Gospel and Homily Transcript
Matthew 7:15-20
Jesus said to his disciples:
“Beware of false prophets, who come to you in sheep’s clothing,
but underneath are ravenous wolves.
By their fruits you will know them.
Do people pick grapes from thornbushes, or figs from thistles?
Just so, every good tree bears good fruit,
and a rotten tree bears bad fruit.
A good tree cannot bear bad fruit,
nor can a rotten tree bear good fruit.
Every tree that does not bear good fruit will be cut down
and thrown into the fire.
So by their fruits you will know them.”
Are the fruits of the Spirit in your life? – Transcript
What’s the test for real spiritual growth? How do we determine who is living in God’s grace and who is not? How do we determine who is a false prophet or who is a true prophet?
Jesus addresses those questions in today’s gospel and the rock-bottom criteria that he gives is deceptively simple: “By their fruits you will know them.” He uses that analogy from nature; good trees bear good, fruit bad trees bear bad fruit. What does that mean in the concrete? As St. Paul was reflecting on this, he named in his letter to the Galatians chapter 5, nine different fruits of the Holy Spirit: love, joy, peace, patience, kindness, goodness, faithfulness, gentleness, self-control. St. Thomas Aquinas, in commenting on this passage, added another three fruits of the spirit: chastity, modesty, generosity.

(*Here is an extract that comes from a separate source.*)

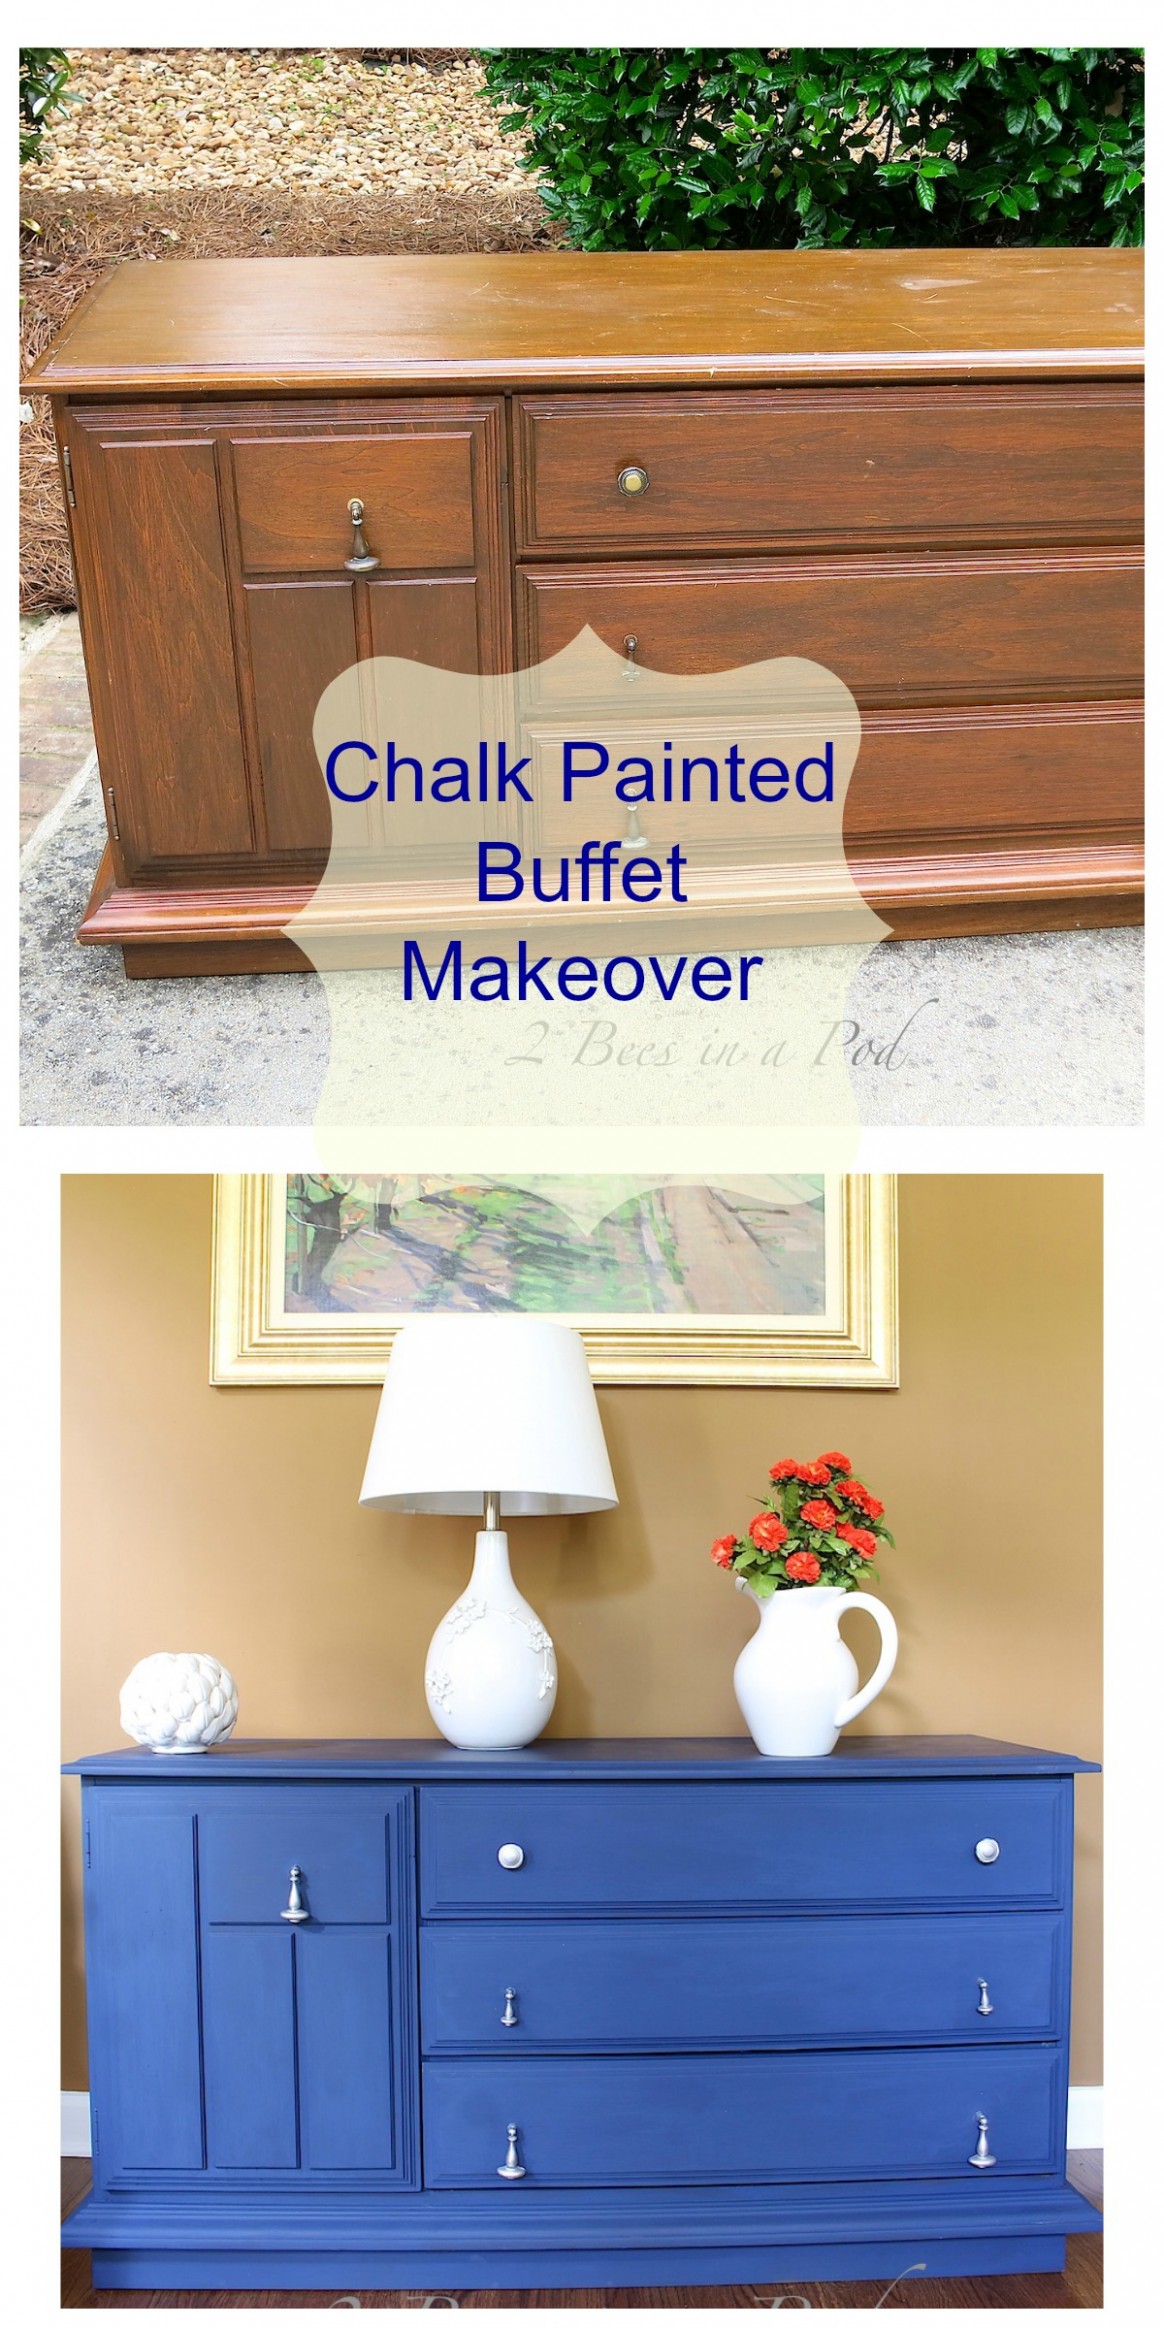 Chalk Painted Buffet Makeover 9 Bees In A Pod Pictures Of Annie Sloan Chalk Painted Furniture

Whether we go with the nine fruits as St. Paul lays it out in the letter to the Galatians or the twelve as it’s laid out by St. Thomas Aquinas, these virtues—the fruits of the Spirit—are what Jesus points to as signs for discernment, as to whether we are growing in grace. As we look out and we try to make judgments like: Do I trust this teacher? Do I follow this teacher or not? We look to the fruits of their lives because it’s not so much what a person says, it’s what they do and what is it that they bring about in their lives? Are they fostering in themselves and in others the fruits of the spirit?
If they are then Jesus says you can trust them because the devil cannot produce love, joy, peace, patience, kindness, goodness, faithfulness, gentleness, self-control, chastity, modesty, generosity. The devil can’t do that. Can the devil perform miracles? Yes. Can the devil levitate people? Yes. Can the devil give us knowledge of future events or past events? Yes. The devil can do all of those kinds of things, but what he can’t do and what he can’t produce in a person’s life are these fruits of the Holy Spirit. This is why Jesus says, “What’s the test for spiritual growth? What’s the rock-bottom criteria for determining who is living a holy life and who is not? Look to the fruits of the Spirit. If those fruits are in evidence, you can trust that teaching. If those fruits are not in evidence, don’t trust it. No matter who it is.
St. Paul also, in his letter to the Galatians, names fruits of the flesh: sexual immorality, impurity, sensuality, idolatry, sorcery, enmity, strife, jealousy, fits of anger, rivalries, dissensions, divisions, envy, drunkenness, orgies, and things like that. If those are in evidence in our life, if those are in evidence in others lives, than it doesn’t matter what they say or what we say because somehow we’re not in union with the Holy Spirit. These are the marks of the evil one. These are the marks that we’re growing in the wrong direction.
The question that we need to look at first and foremost within our own lives before we look out at others is what’s growing in my heart? Am I growing in the fruits of the Spirit or am I growing in the fruits of the flesh? If what’s primarily in evidence in our lives—sexual impurity, sensuality, idolatry, sorcery, enmity, strife, jealousy, anger, rivalries, dissensions, division, envy, drunkenness, orgies and the like—we’re headed in the wrong direction. Jesus says again in Matthew’s gospel chapter 7 verse 21, “Not everyone who cries out to me, ‘Lord! Lord! will enter into the kingdom of heaven, but those who do the work of my heavenly Father.”
Yes we need to pray but prayer is not enough if it’s not taking root. Prayer that isn’t active in the daily actions of our lives is like a person who’s sowing seed and then goes out and rips the seeds away and throws the plant away as soon as it begins to sprout. A prayer needs to be followed with the daily actions of our lives. What’s growing in our garden? What’s growing in our soul? Let’s pray that we might water those gifts of the Spirit. Amen? Amen.